More explicitly, a 2-vector space is like a category, but now you have a vector space $V_0$ of objects, and a vector space $V_1$ of morphisms, and you require that taking co/domains, identities, and composites are all linear transformations. This has some pretty surprising consequences that might sound similar to what you're looking for. In particular, Baez and Crans prove in Lemma 3.2 that the composition of morphisms in $V_1$ is precisely given by "adding the vectors tail to tip!"
More precisely, let $f:x\to y$ be a morphism in $V_1$ (that is, $s(f)=x$ and $t(f)=y$), then you can think of $f$ as the pair $(x,\vec f)$, where $x$ is the "starting point" in $V_0$ of the morphism, and $\vec f\in V_1$ is the "direction and magnitude" of $f$. Here, $\vec f$ is defined to be $$ \vec f := f - i(x) $$ (note that it is meaningful to think of $\vec f$ as a direction and magnitude because its source is $s(\vec f)=s(f-i(x))=s(f)-s(i(x))=x-x=0$, so this is the "component" of $f$ that starts at the origin; moreover, we have that $x+t(\vec f)=y$, so the vector really does "point to" $y$).
What Lemma 3.2 says is that composition in your 2-vector space is uniquely determined by $s,t:V_1\rightrightarrows V_0$ and $i:V_0\to V_1$: given two composable morphisms $f=(x,\vec f)$ and $g=(y,\vec g)$, the composite $g\circ f = c(g,f)$ has to be the sum $$ g\circ f = (x,\vec g+\vec f) $$ so in a somewhat precise sense, the structure of the morphisms in a 2-vector space (i.e., category internal to $\mathbf{Vect}$) really do reflect the structure of their underlying vectors. You can thus interpret $V_0$ as the space of "starting positions" of your morphism vectors, and $V_1$ as the space of vectors shooting out of these positions.
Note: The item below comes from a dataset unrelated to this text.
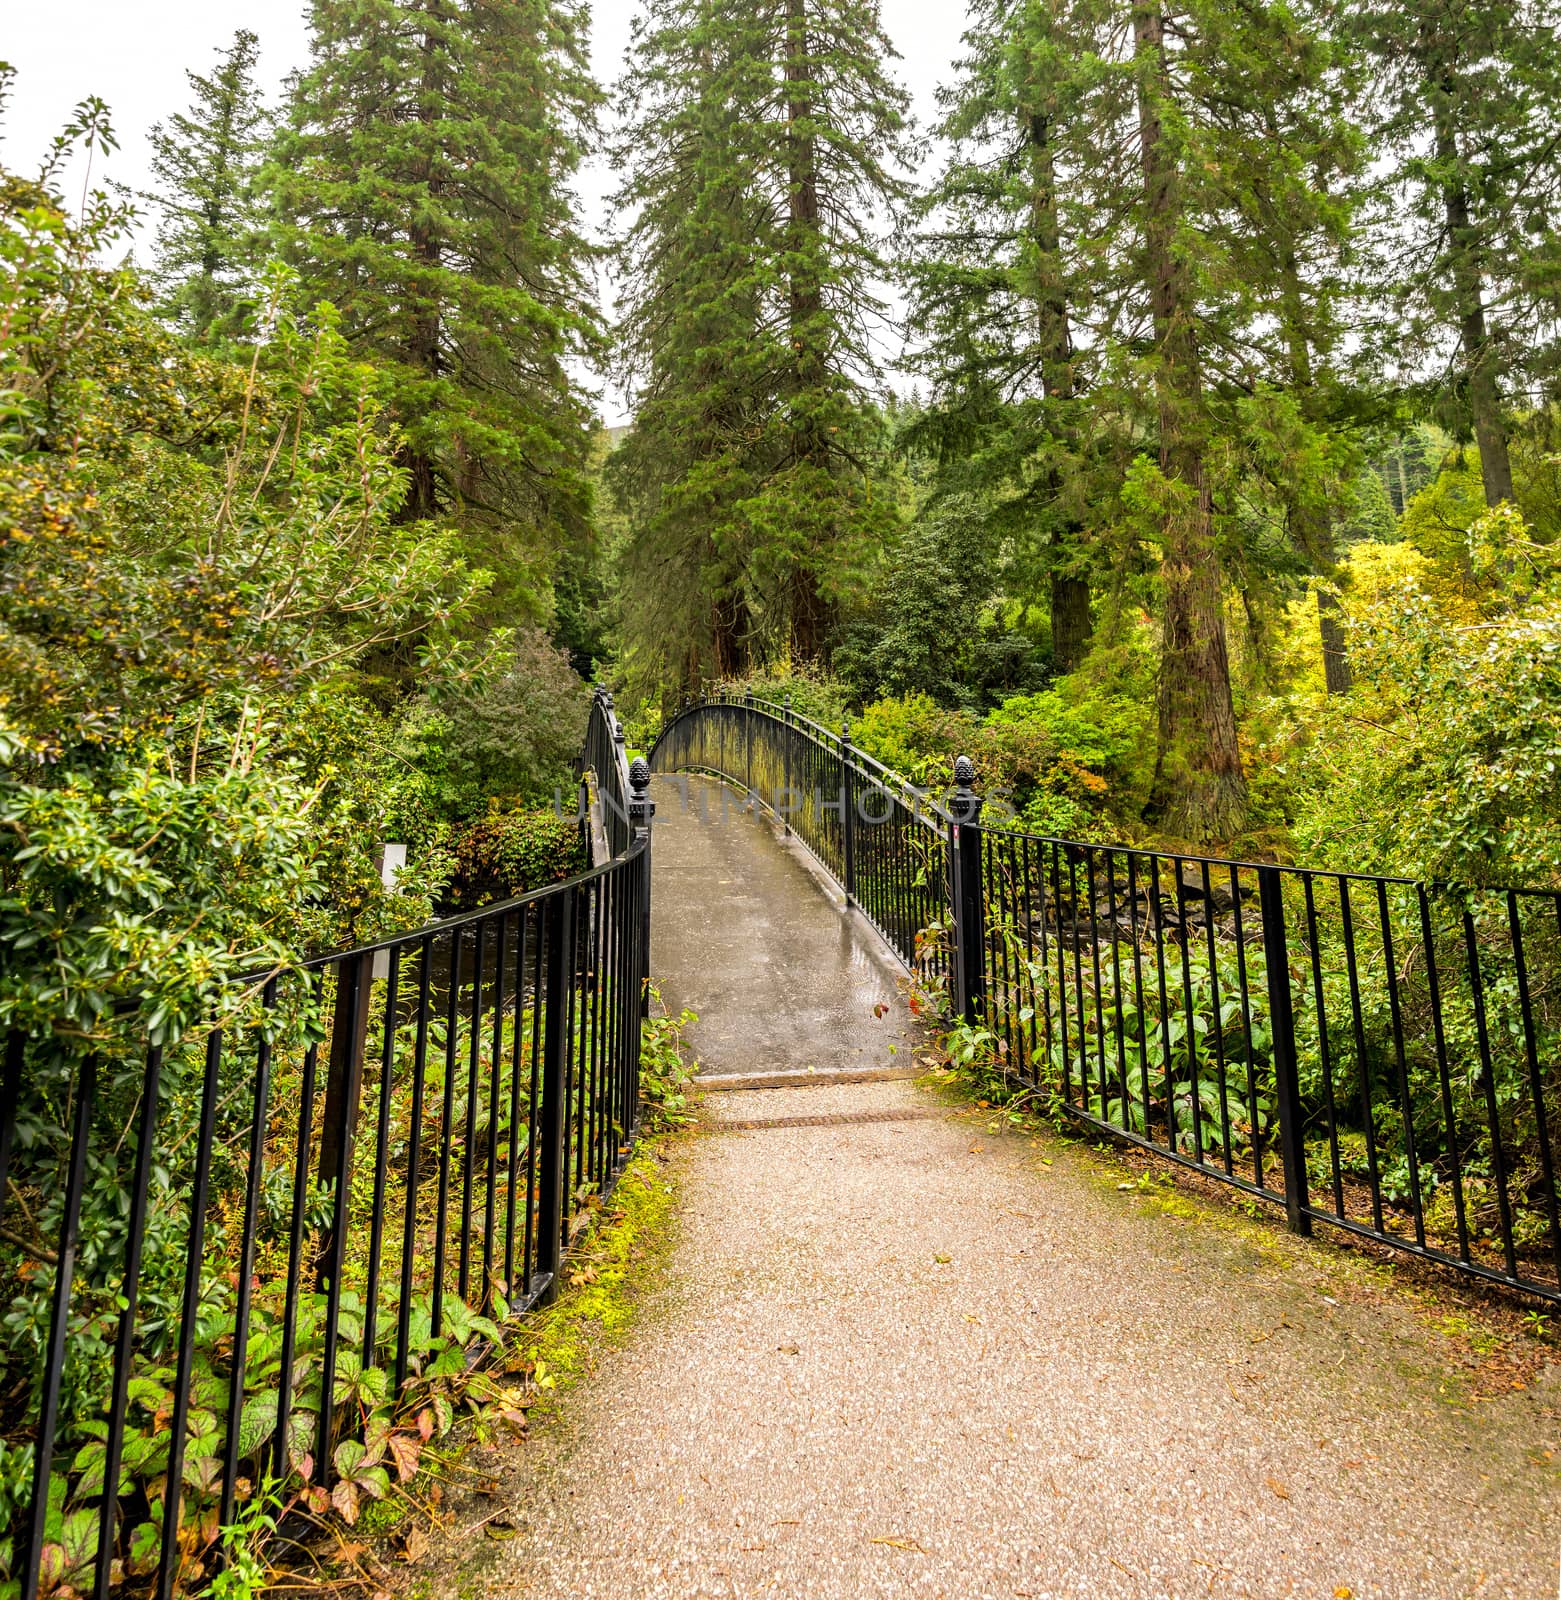 An entry visitor's bridge to Benmore Botanic Garden over river Eachaig, Scotland by anastasstyles
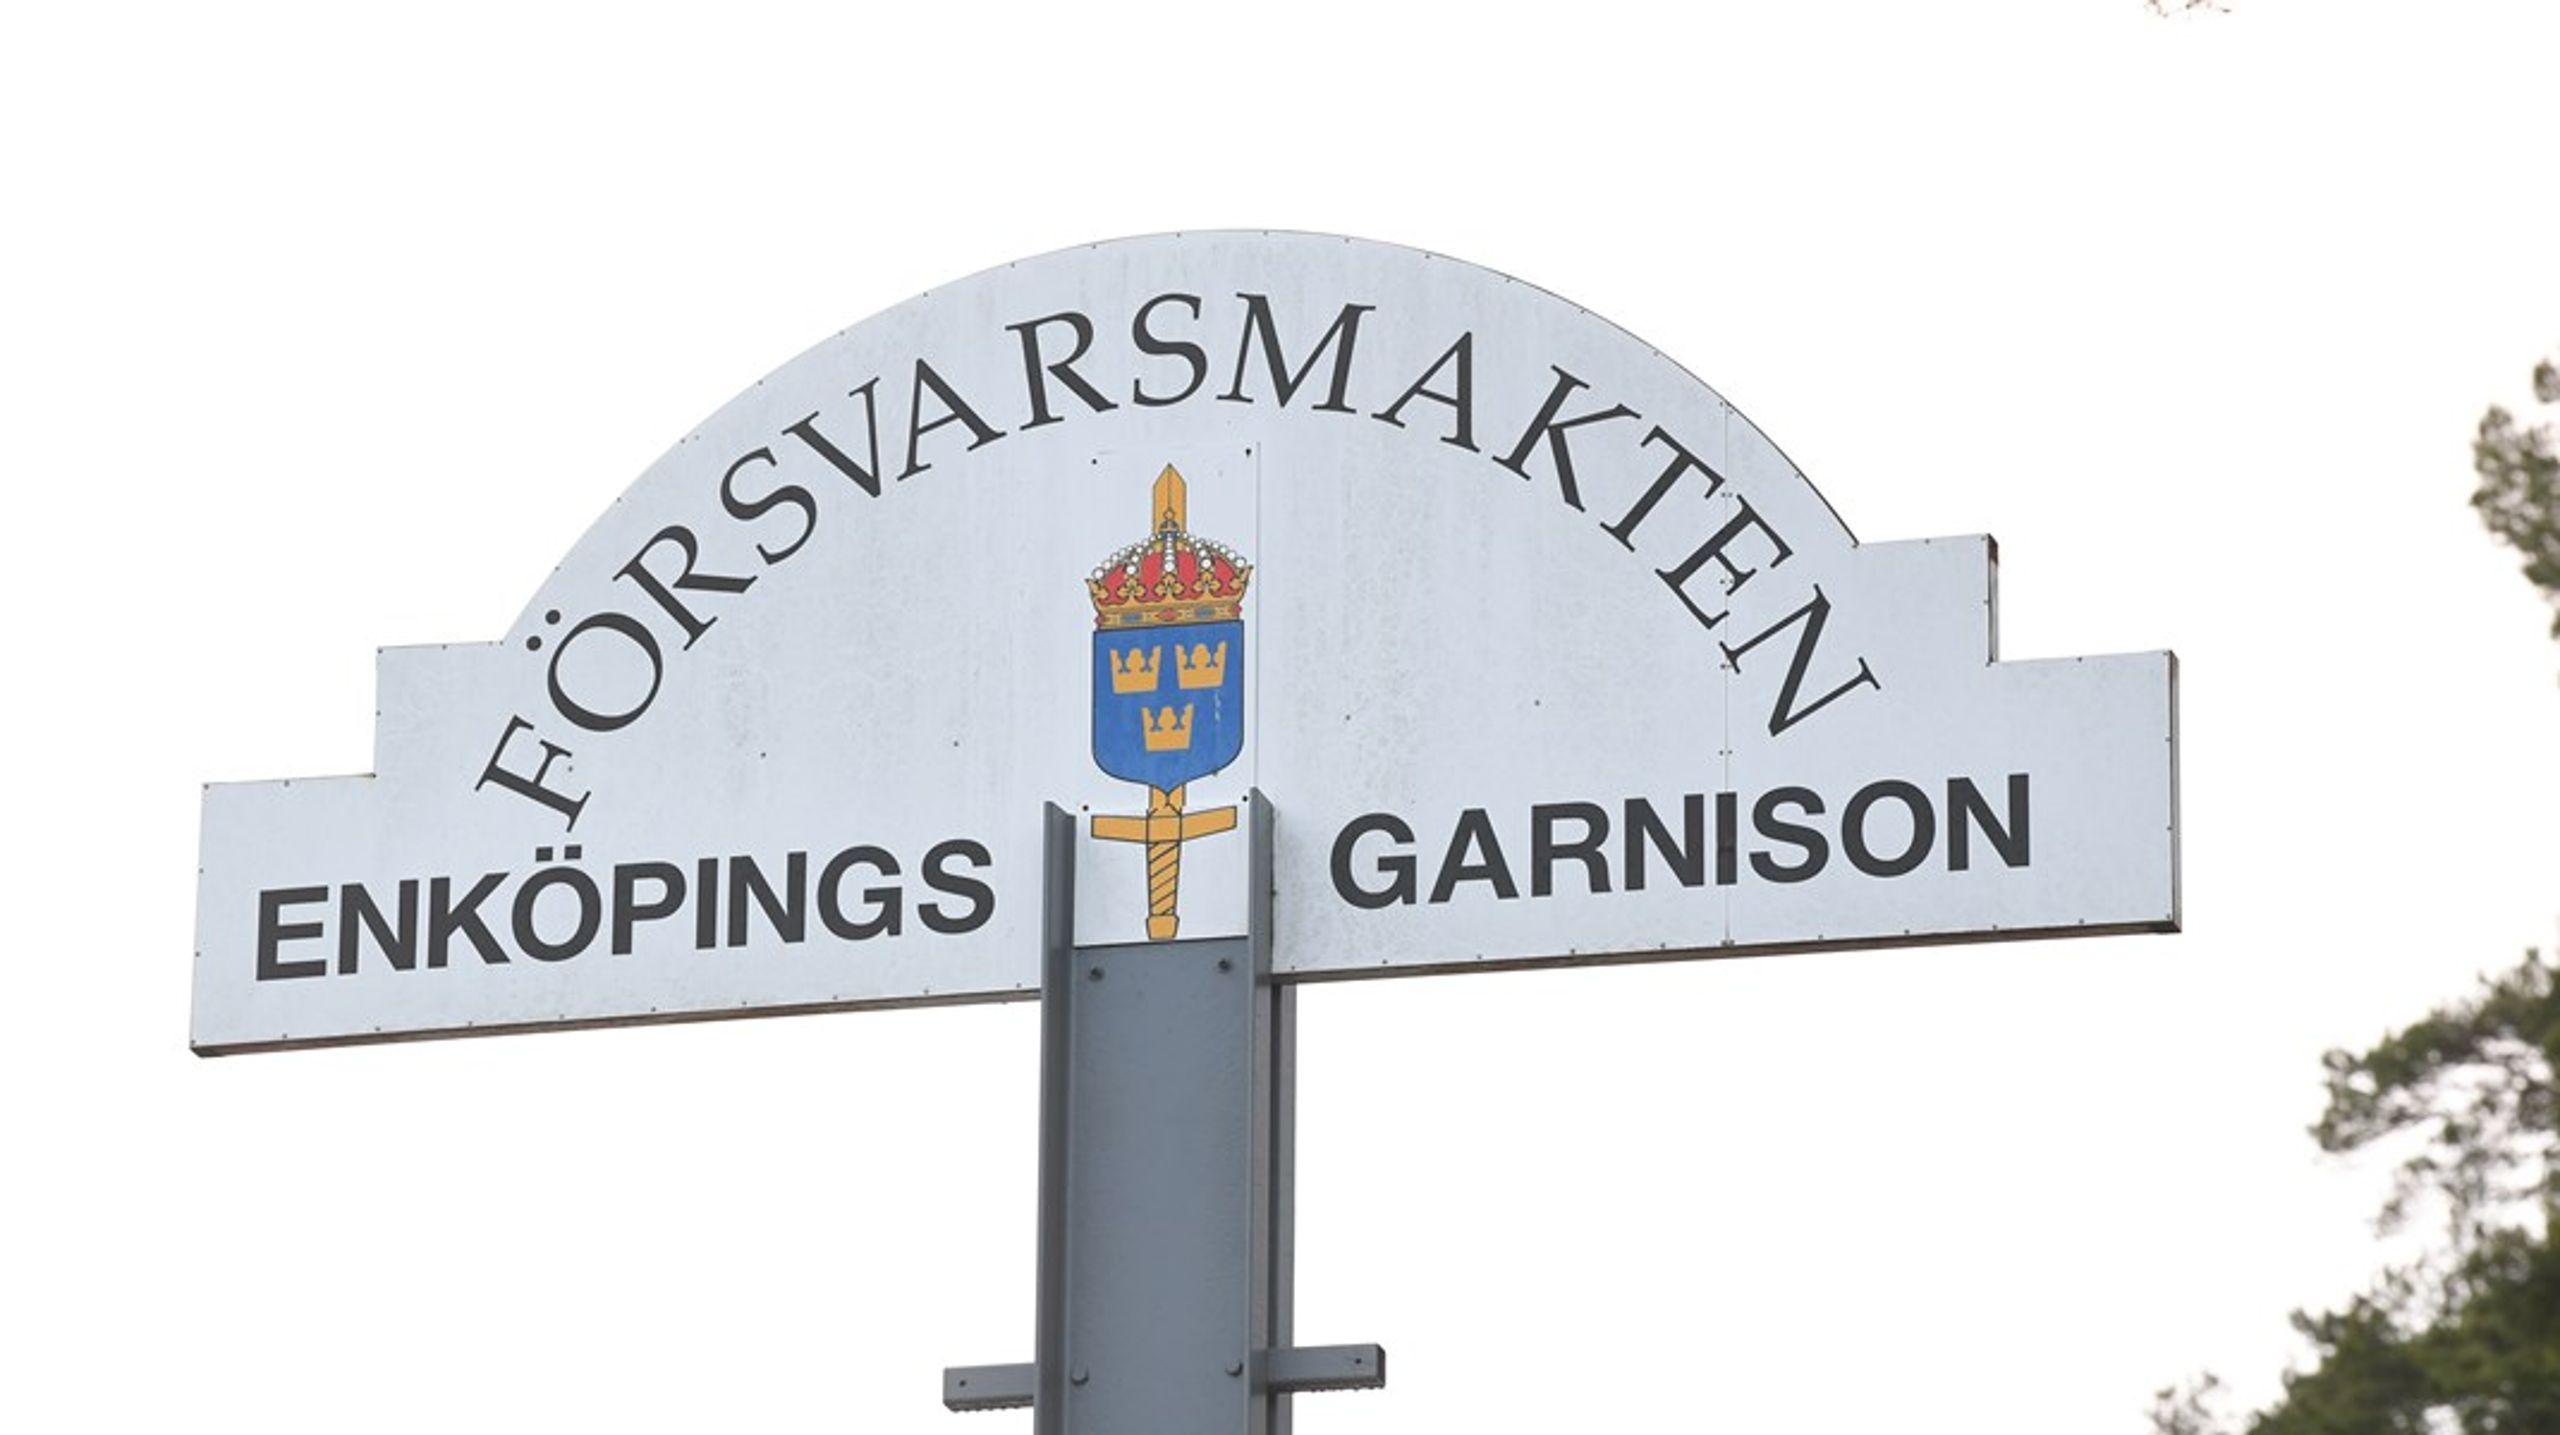 500 värnpliktiga skickades hem akut från Ledningsregementet i Enköping. Orsaken är allvarliga kränkningar, rapporterar Dagens nyheter, brist på mat, vulgärt språk och kollektiva bestraffningar.

In fact, if you take $V_0=0$ to be trivial, then your 2-vector space reduces to an ordinary vector space viewed as a monoid under addition.
A word of warning about this interpretation: $V_0$ and $V_1$ are still different spaces (though $i:V_0\to V_1$ is injective, so you can think $V_0\subseteq V_1$). Baez and Crans interpret the vectors of $V_0$ as ordinary vectors of a vector space, but then view $V_1$ as the space of "infinitesimal vectors" based at points in $V_0$. This means a morphism $f=(x,\vec f)$ consists of a vector $x$ plus an "infinitesimal" component $\vec f$.
In fact, even this can be made somewhat precise, and is done so in Theorem 3.8:
so 2-vector spaces are the same as having a space $C_0$ and a "differential" $d:C_1\to C_0$ (which would encode infinitesimals). For completeness, I will at least describe the functors (on the level of objects) going both ways.
Given a 2-vector space $(V_0,V_1,s,t,i)$, the associated 2-term chain complex has components $C_0 := V_0$ and $C_1 := \ker(s)\subseteq V_1$. Note that $C_1$ is exactly the subspace of those morphisms in $V_1$ of the form $\vec f$ for some $f\in V_1$, so this is the space of "infinitesimal components." The differential $d:C_1\to C_0$ is given by $t$.
Conversely, given a chain complex $C_1\xrightarrow dC_0$, the associated 2-vector space has $V_0 := C_0$ as above, and $V_1 := C_0 \oplus C_1$, which we interpret as pairs $(x,\vec f)$, and define $s,t,i$ accordingly ($i(x)=(x,0)$, $s(x,\vec f)=x$, and $t(x,\vec f)=x+d\vec f$).